Yes, the C57BL/6 background is the most commonly used for LDLR-/- mice due to its susceptibility to atherosclerosis. Specific substrains or engineered variants, such as the C57BL/6J-LdlrHlb301/J, can offer accelerated lesion development, which may be beneficial for studies requiring faster progression or higher plaque burden.

Q5: Is it possible to combine the LDLR-/- model with other genetic modifications for more complex research questions?

Indeed. The LDLR-/- model can be combined with other genetic modifications (e.g., additional knockouts, transgenics) to create more sophisticated models. This allows researchers to investigate the interplay of multiple genes or pathways in atherosclerosis, providing deeper insights into disease mechanisms.

Q6: What kind of data and reports can I anticipate receiving from a typical LDLR-/- study conducted by Creative Biolabs?

You can expect comprehensive data packages, including detailed raw data, statistical analyses, high-resolution histological images of atherosclerotic lesions, quantitative measurements of plaque burden and composition, lipid profiles, and inflammatory marker assessments. All findings are presented in a clear, concise, and professionally formatted report.

Low Density Lipoprotein Receptor Deficient (LDLR^-/-) Mice Modeling & Pharmacodynamics Service

At Creative Biolabs, we provide a diverse range of well-established rodent models, including the LDLR^-/- mouse, to accurately evaluate the efficacy of novel anti-atherosclerotic interventions.

Introduction

Atherosclerosis, a chronic inflammatory disease of the arterial wall, represents a leading cause of cardiovascular morbidity and mortality worldwide. Its complex pathogenesis involves dyslipidemia, inflammation, and cellular dysfunction, culminating in the formation of atherosclerotic plaques. Effective strategies to combat this global health burden necessitate robust and physiologically relevant preclinical models.

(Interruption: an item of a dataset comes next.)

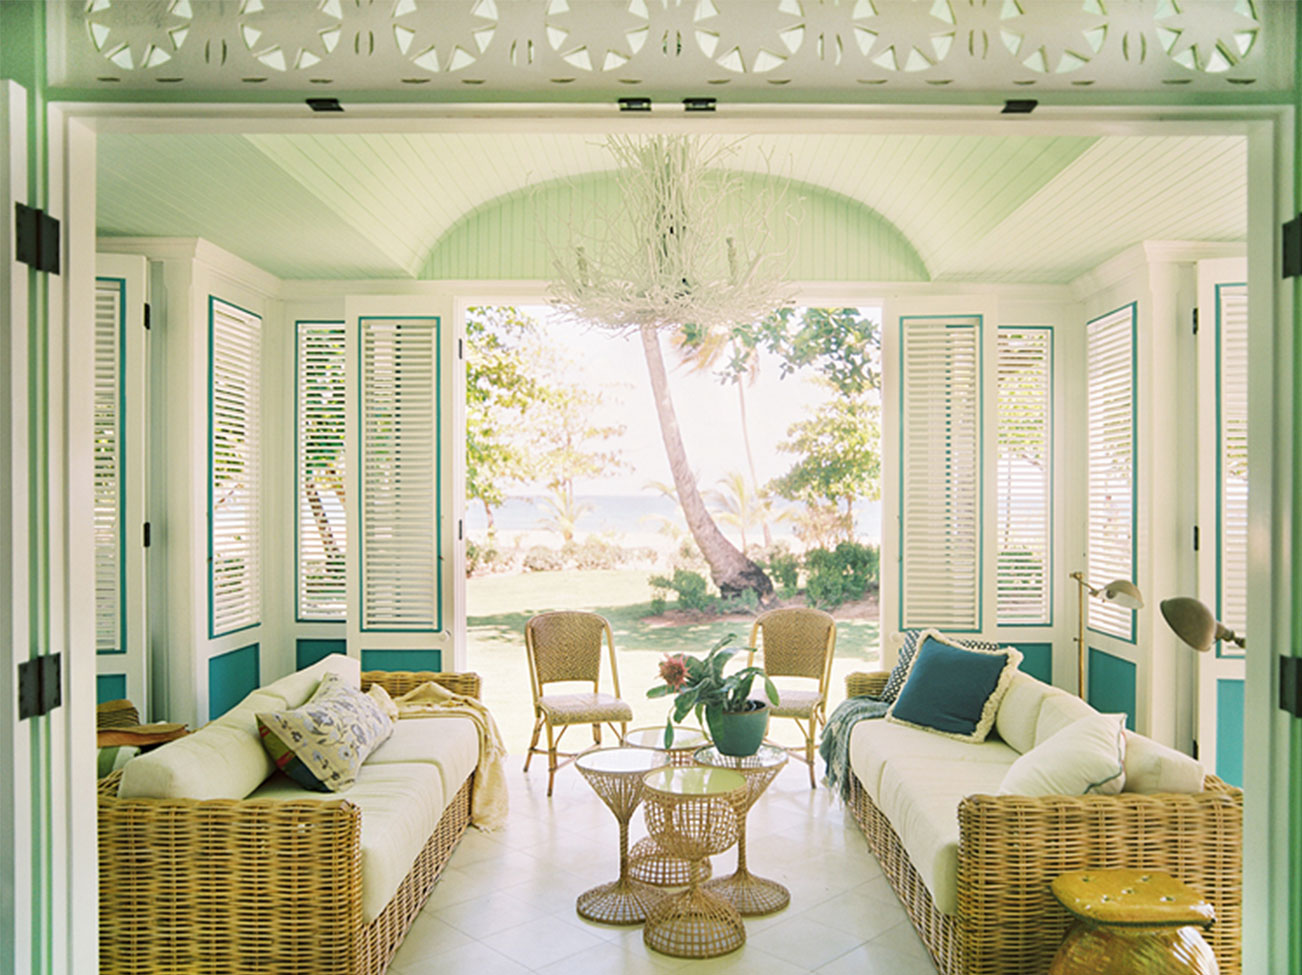 Véranda en forme d’îlot dans des teintes de vert et de blanc crème avec des volets à panneaux articulés, deux sofas en osier tressé et des chaises assorties.

Low-Density Lipoprotein Receptor-Deficient Mice Model

The low-density lipoprotein receptor (LDLR) is a crucial cell surface protein responsible for clearing cholesterol-rich LDL particles from the bloodstream. Genetic inactivation of the LDLR gene in mice creates the LDLR-deficient (LDLR^-/-) model, which faithfully recapitulates key features of human familial hypercholesterolemia. These mice exhibit significantly elevated plasma LDL-cholesterol levels and spontaneously develop atherosclerotic lesions that closely mimic human plaque morphology and progression. This makes the LDLR^-/- model an indispensable tool for investigating the mechanisms of hyperlipidemia-driven atherosclerosis and assessing the therapeutic potential of new compounds.

In LDLR-/- mice, deficiency of LDLR results in abnormal lipid metabolism and atherosclerosis. (OA Literature) Fig.1 The abnormal lipid metabolism and atherosclerosis in LDLR^-/- mice.^1,3

Model Construction Steps

The construction of the LDLR^-/- mouse model typically involves advanced genetic engineering techniques:

01Targeting Vector Design

A specialized DNA construct, known as a targeting vector, is engineered to contain sequences homologous to the LDLR gene, flanking a selectable marker gene that disrupts the LDLR coding sequence.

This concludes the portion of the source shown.